* [What needs to be done]:
A word-for-word copy of the entries, with the images left out, is what you should write.

....

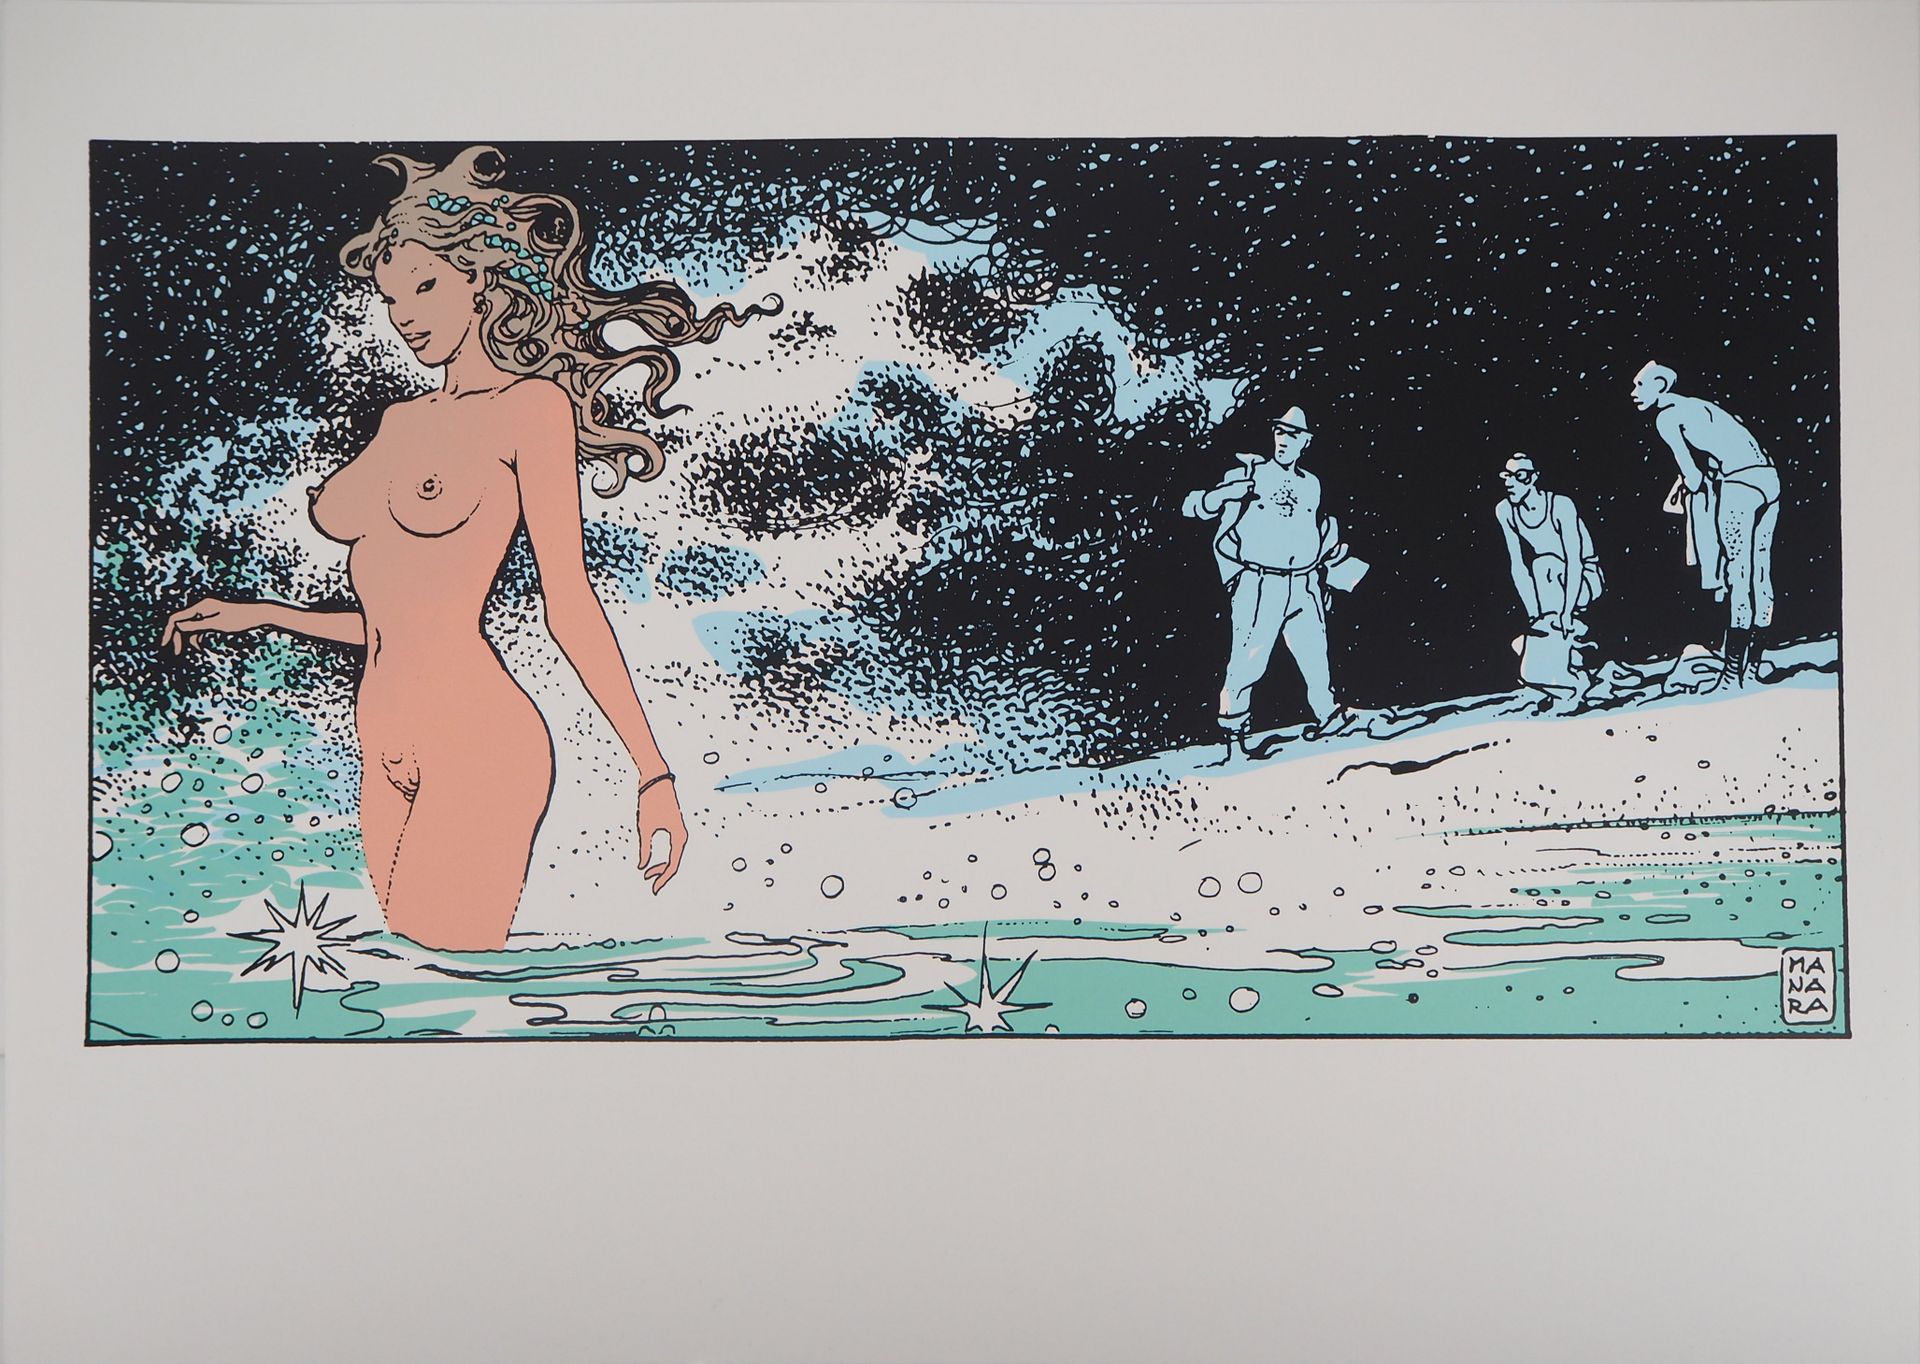 Milo Manara 米洛-马纳拉（1945-）

海浪中的美人鱼



原创彩色绢印画

板块中的签名

厚纸上 50 x 70 cm

状况极佳
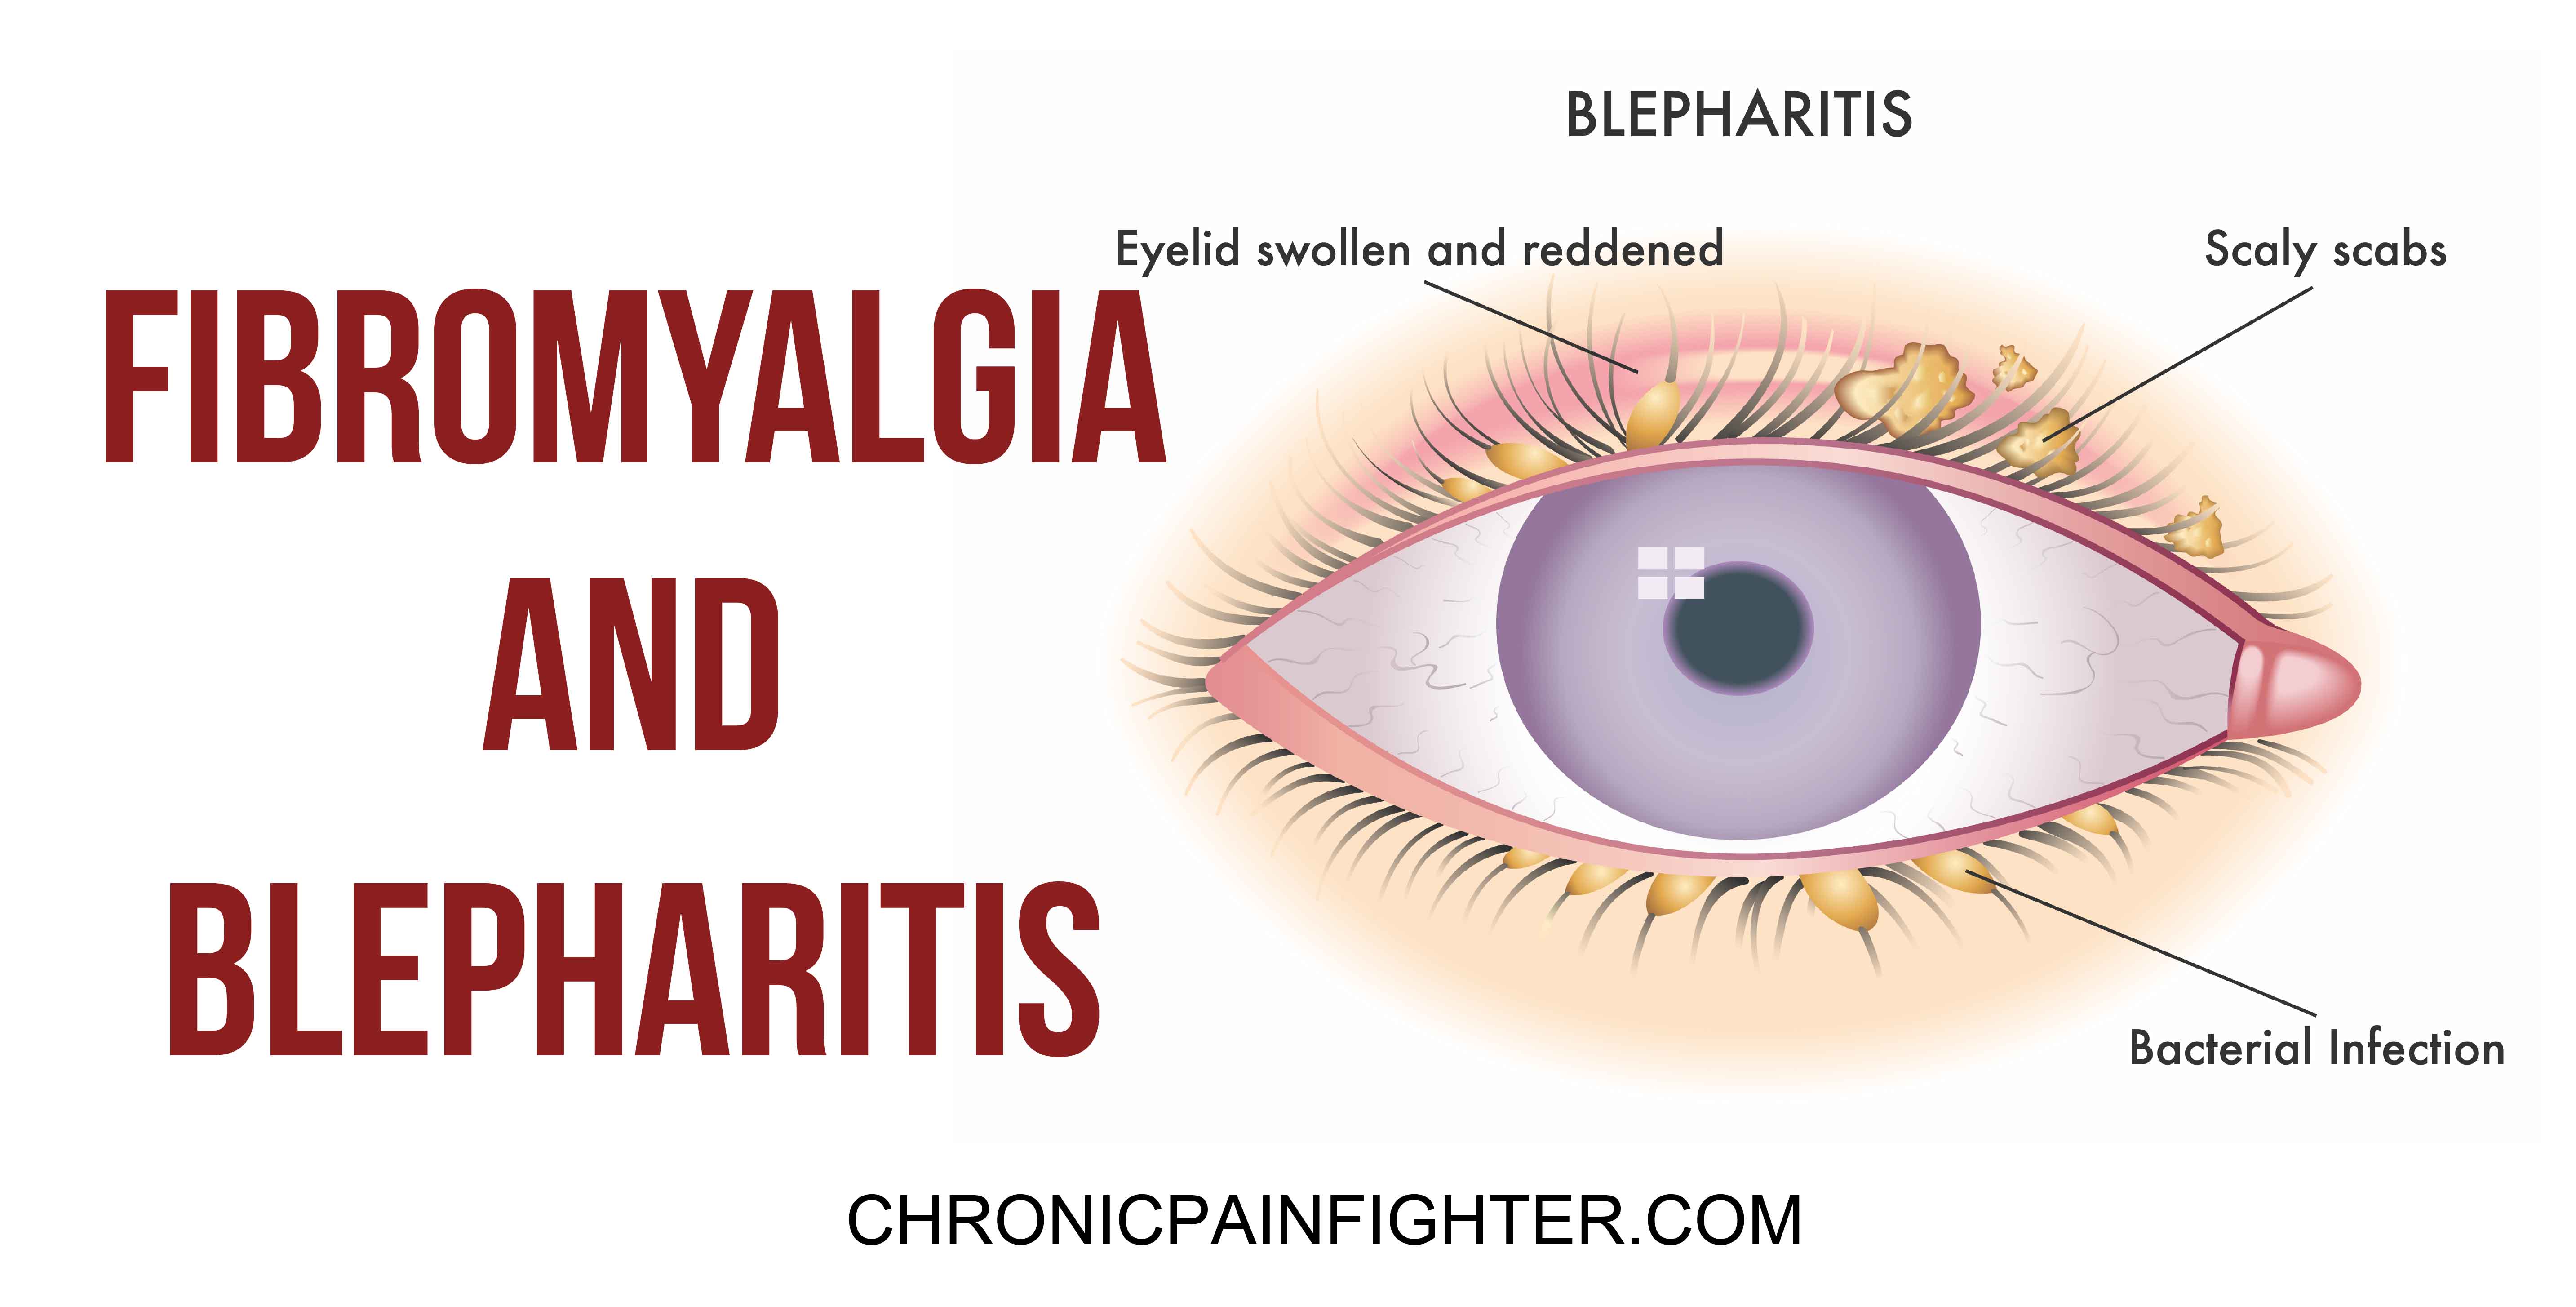 Fibromyalgia and Blepharitis
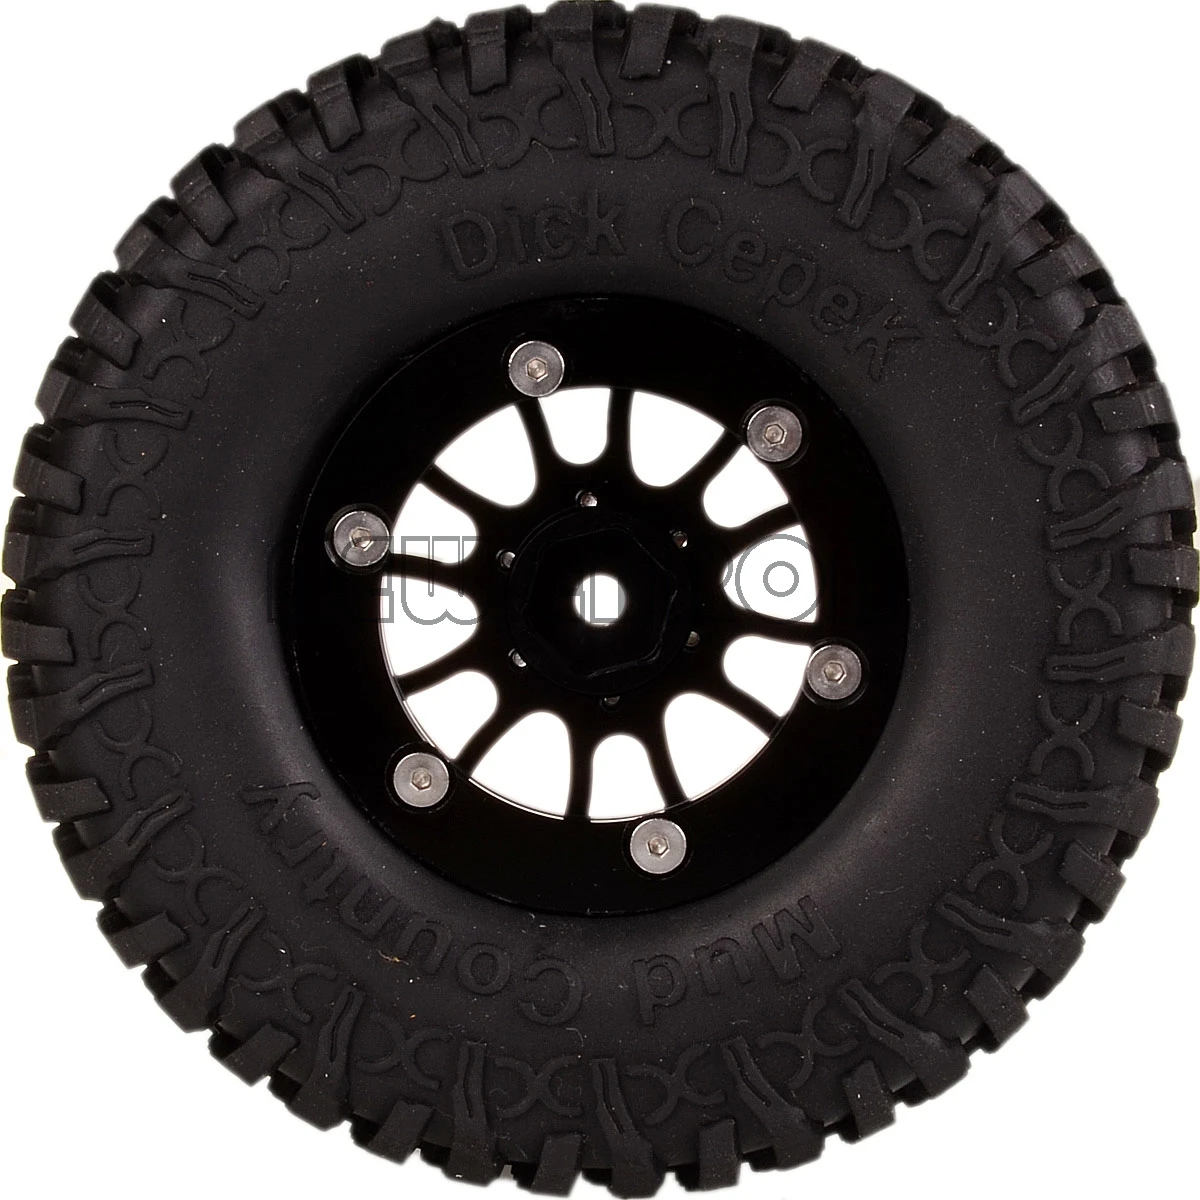 

NEW ENRON 4P 1.9 Inch Wheel Rims & Tires Tires For RC 1/10 Axial HPI HSP 1:10 TRX-4 TRX4 T4 Tamiya CC01 MST jimny TF2 D90 D110

....

* [Written solution]:
 Milo Manara 米洛-马纳拉（1945-）

海浪中的美人鱼



原创彩色绢印画

板块中的签名

厚纸上 50 x 70 cm

状况极佳
 Fibromyalgia and Blepharitis

NEW ENRON 4P 1.9 Inch Wheel Rims & Tires Tires For RC 1/10 Axial HPI HSP 1:10 TRX-4 TRX4 T4 Tamiya CC01 MST jimny TF2 D90 D110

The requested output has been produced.